Die Hochschule Luzern – Wirtschaft wird im Herbst 2019 das Institut für Finanzdienstleistungen IFZ von Zug nach Rotkreuz verlegen. Bereits seit Herbst 2016 befindet sich die Hochschule Luzern – Informatik auf dem Suurstoffi-Areal. Sie ist zurzeit noch in unterschiedlichen Gebäuden eingemietet, dies bis zum Bezug der definitiven Räumlichkeiten in rund anderthalb Jahren. Ein Termin, auf den sich Christine Böckelmann, Direktorin der Hochschule Luzern – Wirtschaft, und René Hüsler, Direktor der Hochschule Luzern – Informatik, jetzt schon freuen. Sie unterstrichen die Potenziale in Bezug auf die inhaltliche Zusammenarbeit sowie die Synergien bei der gemeinsamen Nutzung der Infrastruktur.

Der Rischer Gemeindepräsident Peter Hausherr blickte zurück: «Die Ansiedelung der Hochschule war ein intensiver Prozess. Mit harter Arbeit haben wir das Unmögliche möglich gemacht.» Er ist überzeugt, dass die Hochschule und mit ihr die Schlüsseldisziplin Informatik bestens in das Gefüge der regionalen Firmenlandschaft und damit nach Rotkreuz passen. «Sie wird die vorhandene Innovationskraft zusätzlich anregen und wertvolle Kooperationen ermöglichen.» Simon Businger, Architekt beim Büro Konstrukt, dankte den zahlreichen Handwerkern, die zurzeit bei eisiger Kälte auf der Baustelle ihr Bestes geben und während des Anlasses im Hintergrund zu hören waren.

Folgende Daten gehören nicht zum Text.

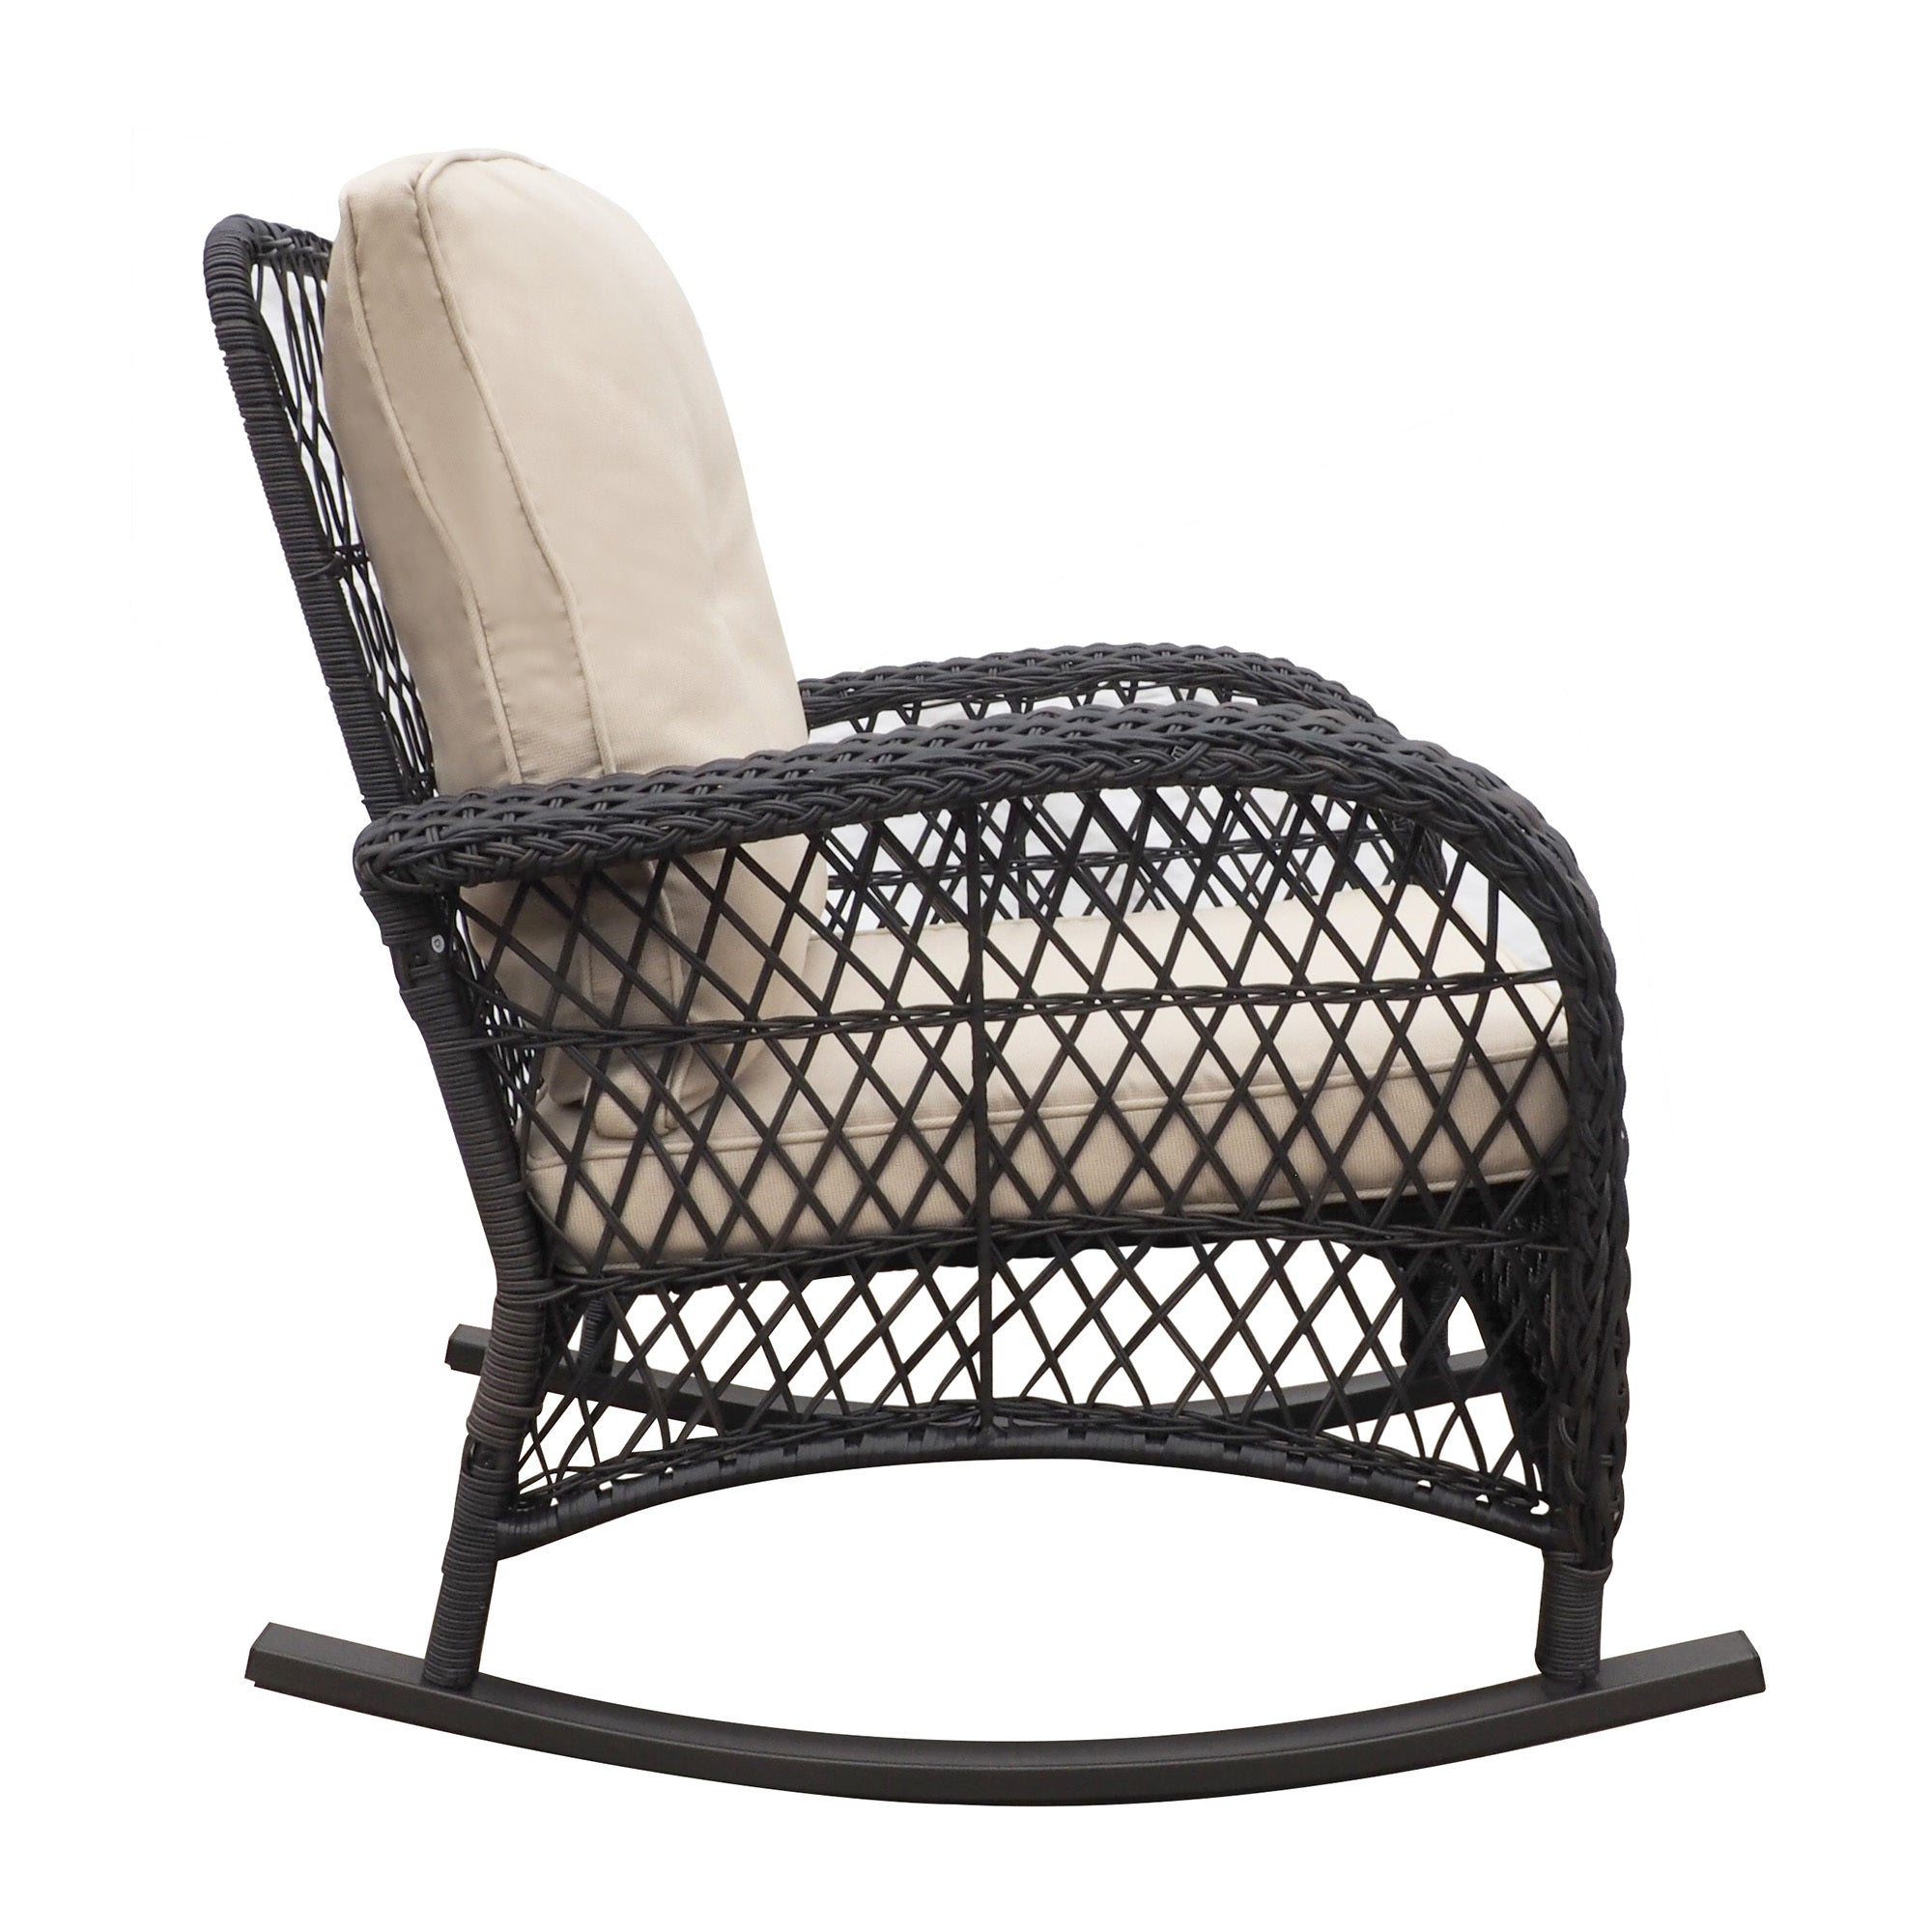 Garden Rocking Chair,Outdoor Rattan Rocker Chair with
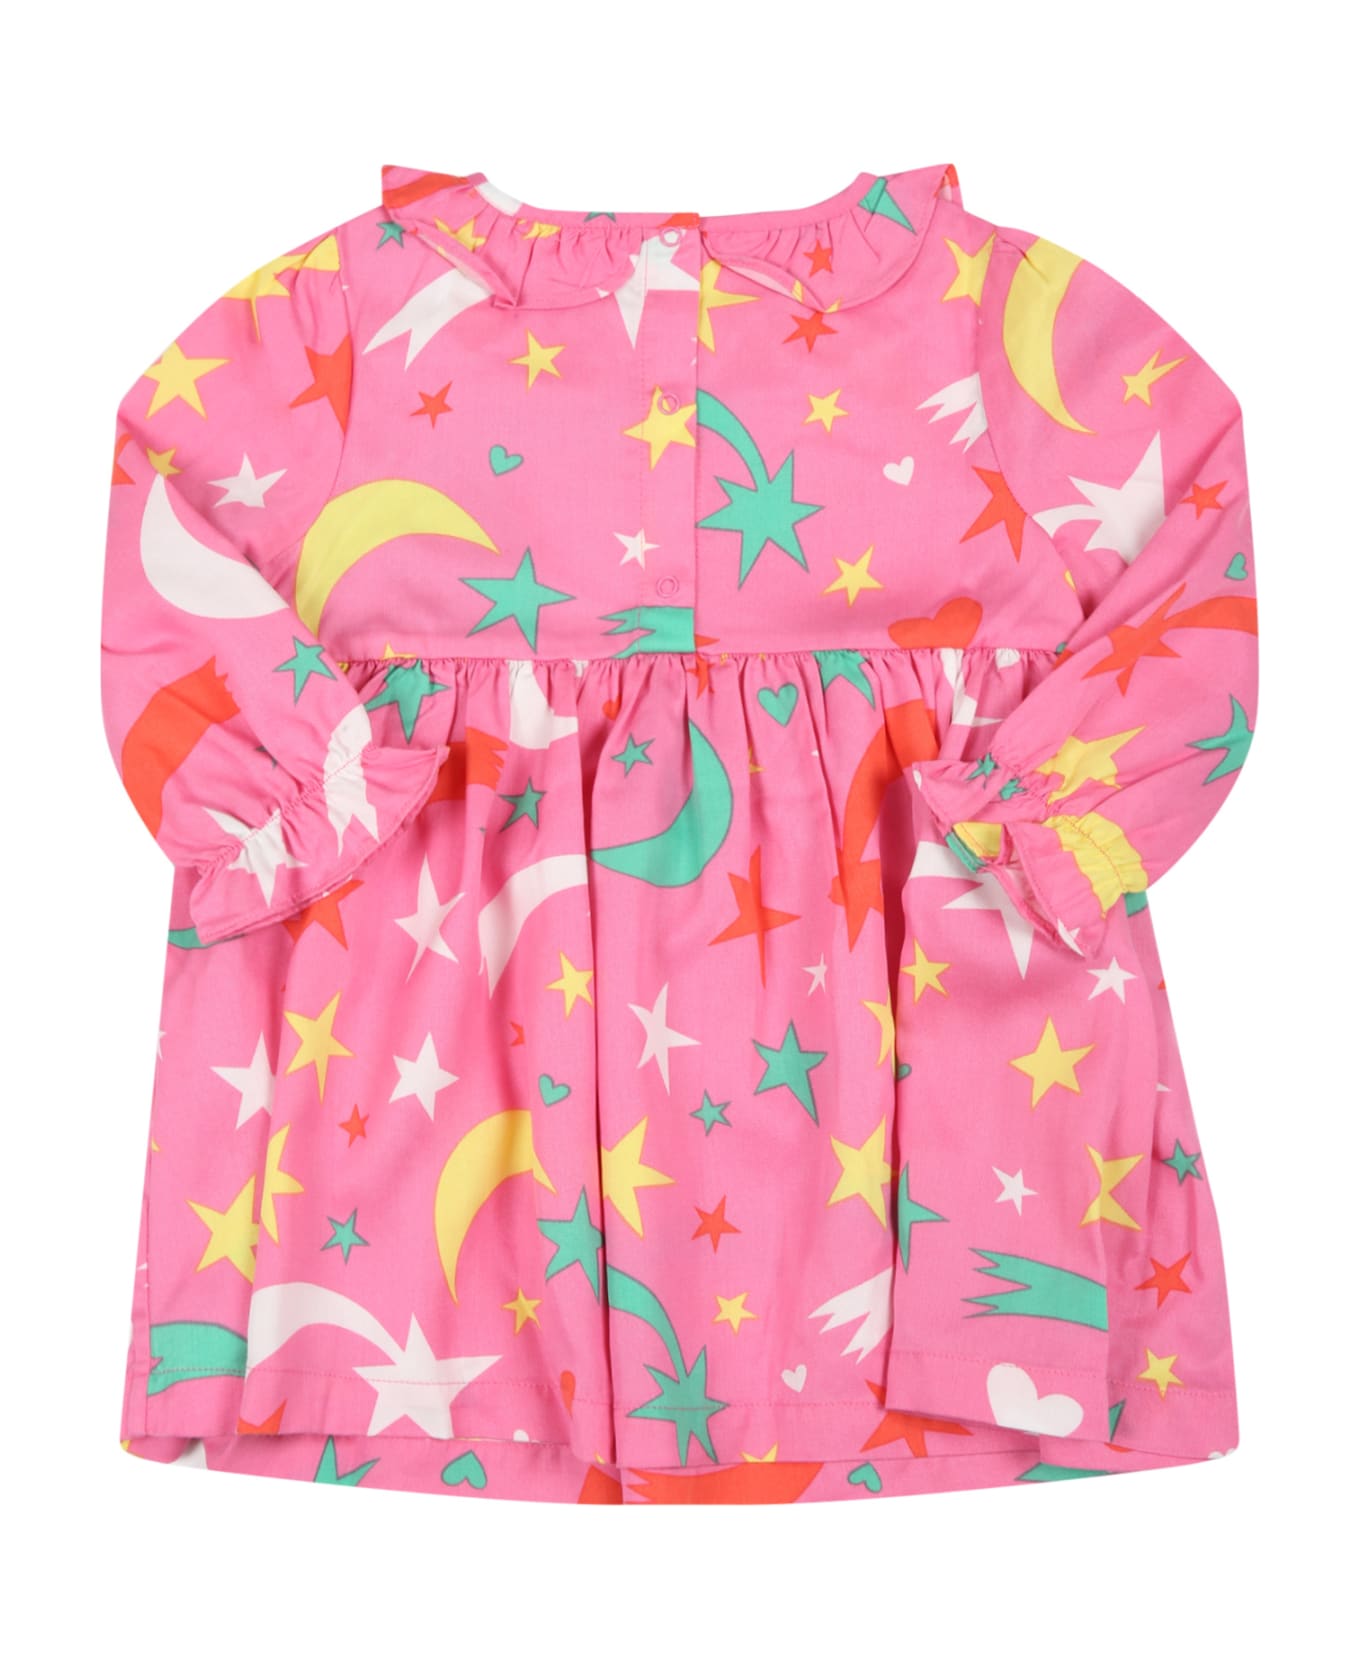 Stella McCartney Kids Fuchsia Dress Gor Baby Girl With Colorful Stars - Fuchsia

Besondere digitale Planungsmethode

Beim Grossprojekt neben dem Bahnhof Rotkreuz verfolgen die Verantwortlichen einen sportlichen Zeitplan. Die Bauherrin Zug Estates setzt wie bei ihren letzten Projekten auf das System von Building Information Modeling (BIM). Diese neuartige, dreidimensionale und digitale Planungsmethode hat zum Ziel, Fehlplanungen zu minimieren. Zwei der drei Gebäude werden in Holz-Hybrid-Bauweise erstellt. Alle Holzelemente werden basierend auf den 3D-Architekturplänen im Werk der Erne AG Holzbau produziert. Die Anlieferung erfolgt in Modulen im «Just-in-Time-Prinzip», was die Bauzeit vor Ort laut Achermann erheblich verkürzen wird.

Das neue Hochhaus auf dem Suurstoffi-Areal wird nach der Fertigstellung mit seinen 60 Metern das schweizweit höchste Holzgebäude sein, wie Zug Es­tates in der Medienmitteilung zur Grundsteinlegung angibt. Aktueller Rekordhalter ist das Hochhaus S22, das sich auf demselben Areal befindet.